AIM OF THE EXERCISE: Your task is to write out the entire listing exactly, omitting its pictures.

COLLECTED MATERIAL:

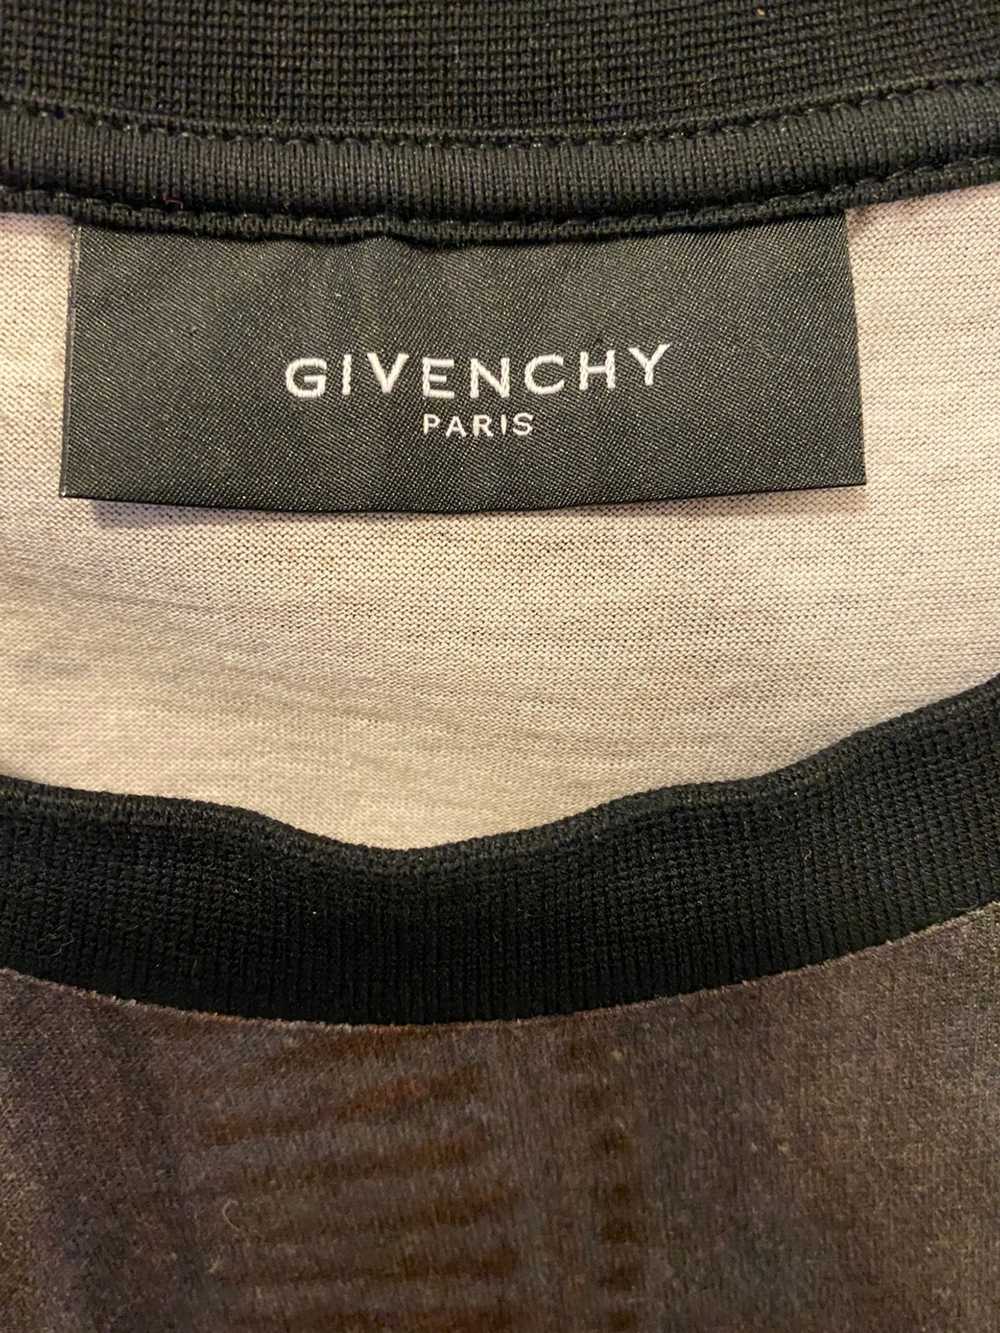 Givenchy Givenchy T-shirt - image 3
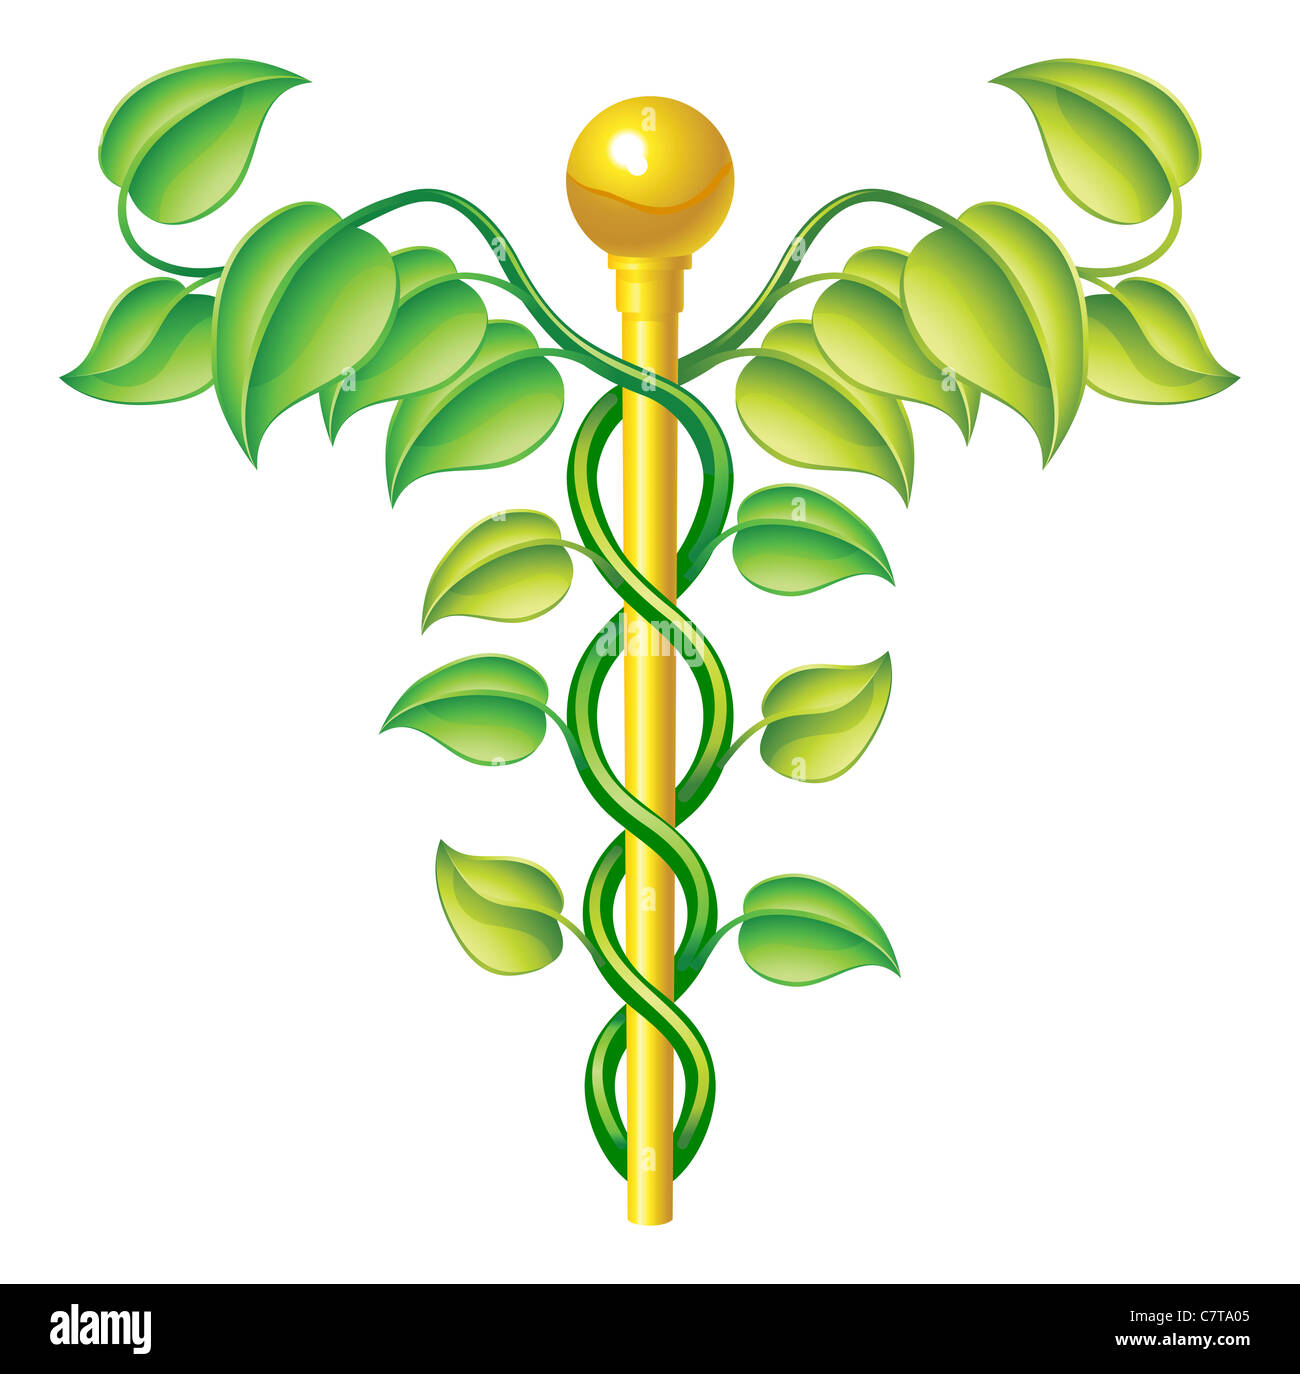 Natürliche Caduceus Konzept werden für natürliche oder alternative Medizin etc. eingesetzt. Stockfoto
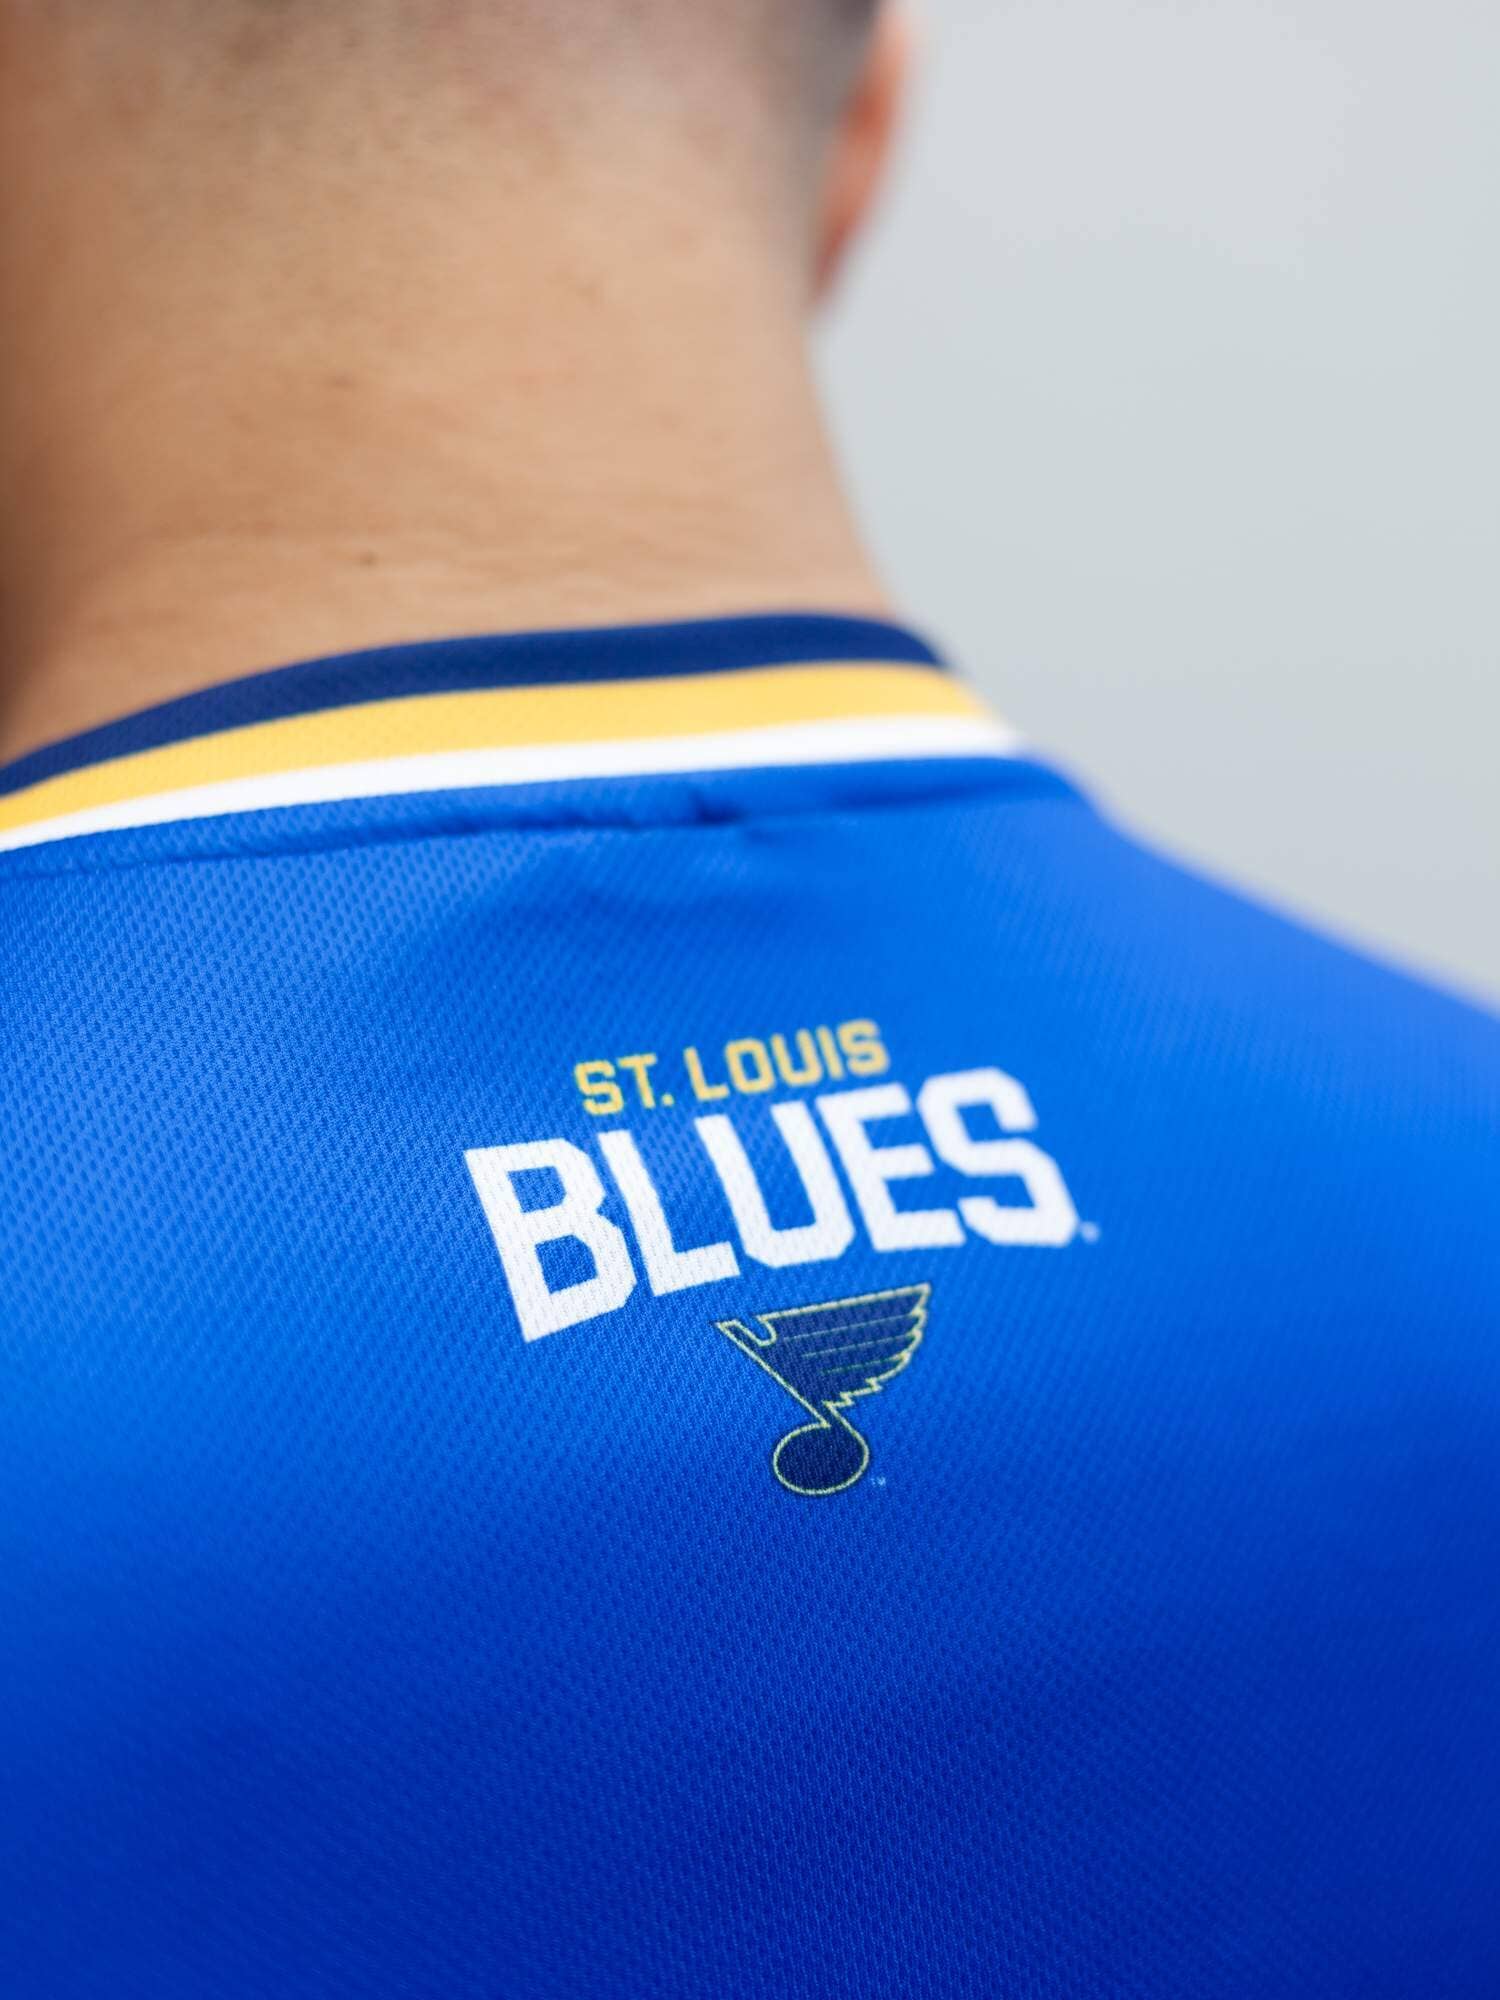 St. Louis Blues Gear, Blues Jerseys, St. Louis Blues Clothing
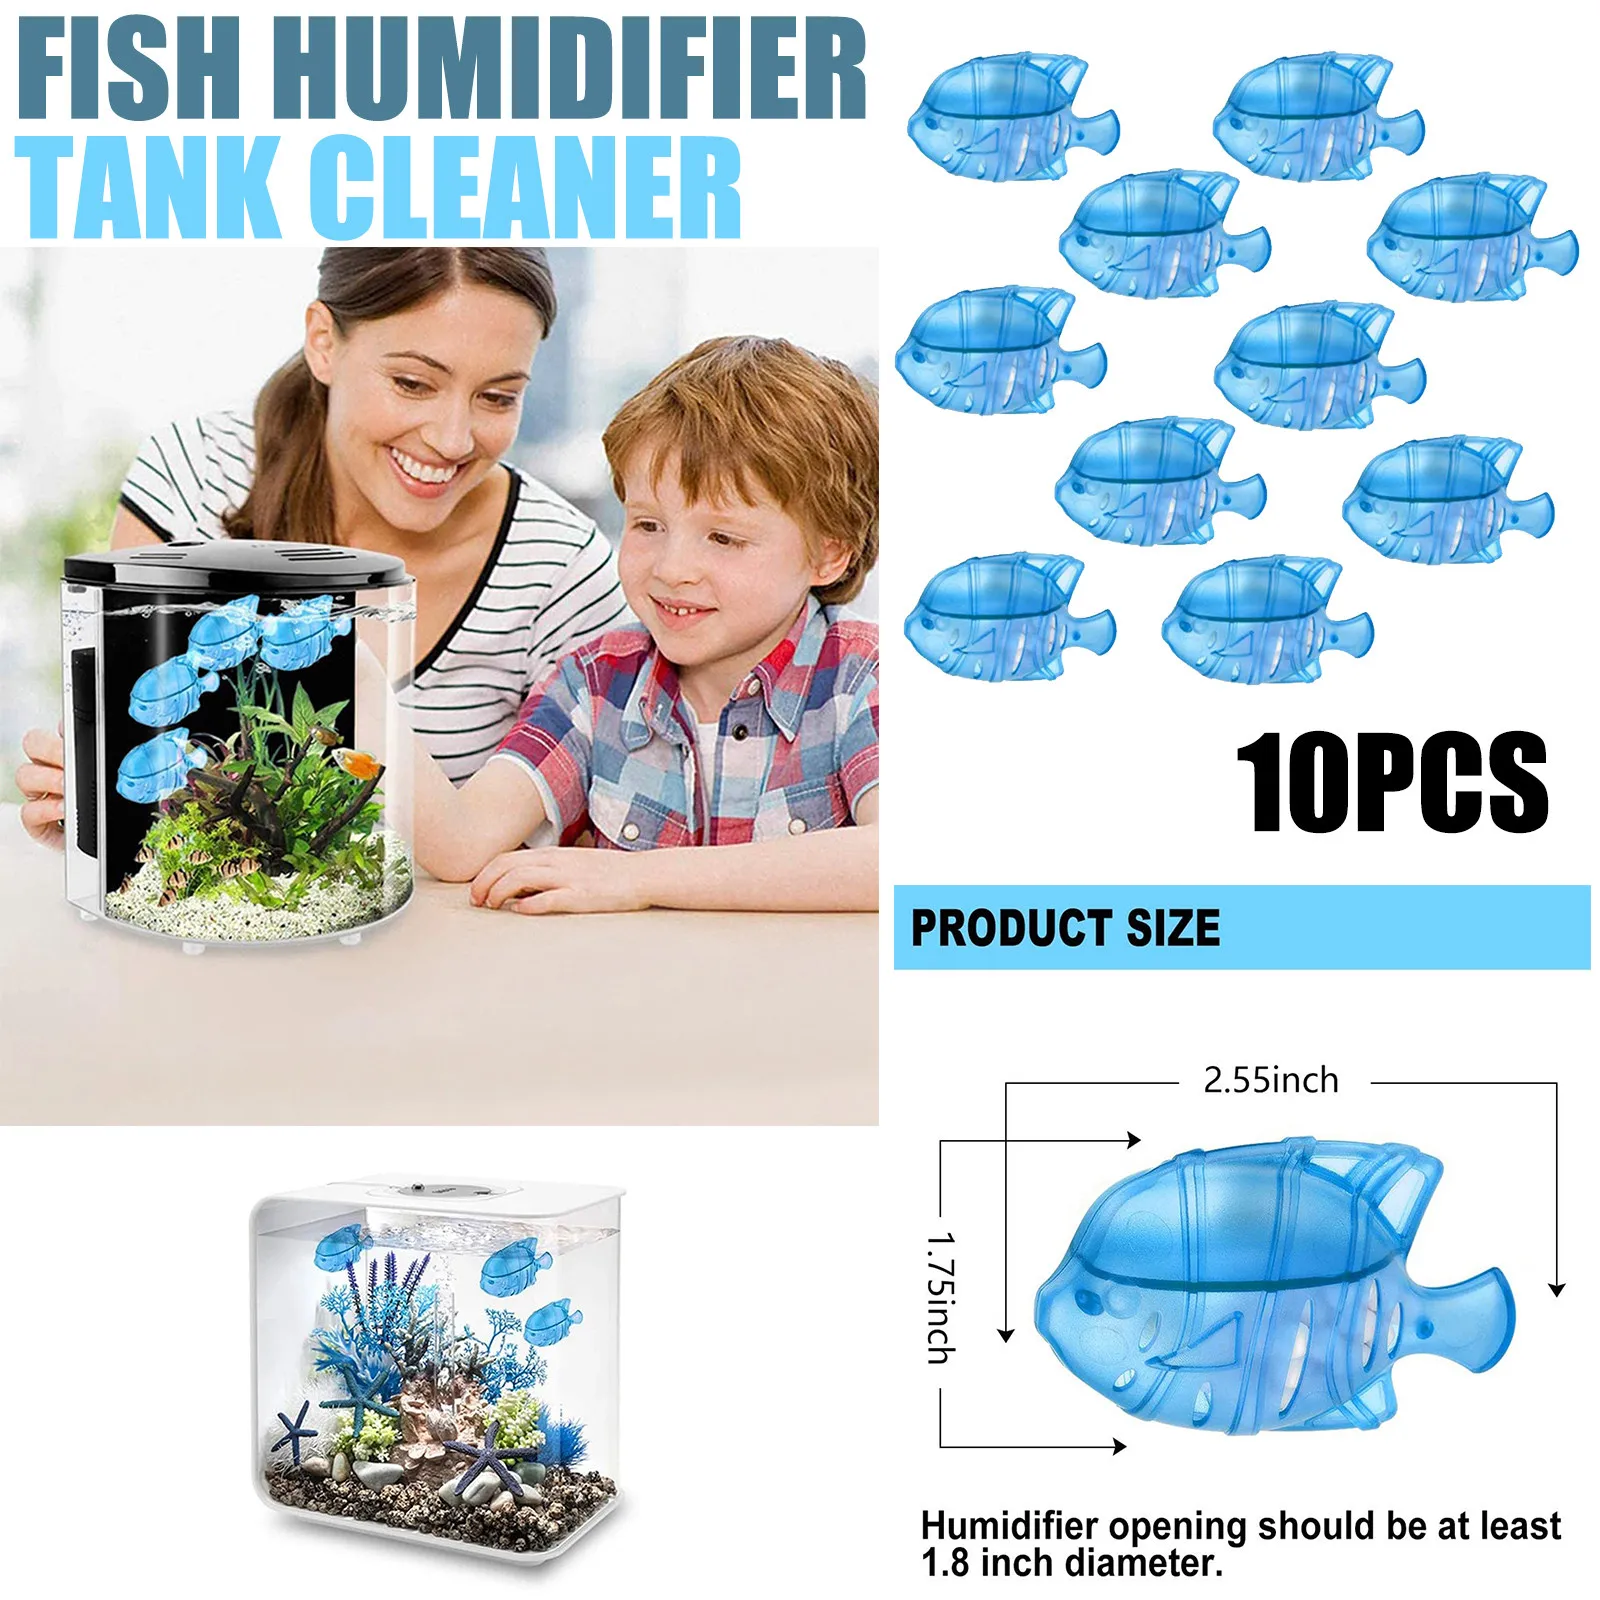 

10pcs Universal Humidifier Fish Tank Cleaner Fish Tank Cleaning Filter Warm Cool Mist Humidifiers Fish Tank akwarium akwarystyka

SOLVED PROBLEM:
 Givenchy Givenchy T-shirt - image 3
 Natürliche Caduceus Konzept werden für natürliche oder alternative Medizin etc. eingesetzt. Stockfoto
 St. Louis Blues Gear, Blues Jerseys, St. Louis Blues Clothing

10pcs Universal Humidifier Fish Tank Cleaner Fish Tank Cleaning Filter Warm Cool Mist Humidifiers Fish Tank akwarium akwarystyka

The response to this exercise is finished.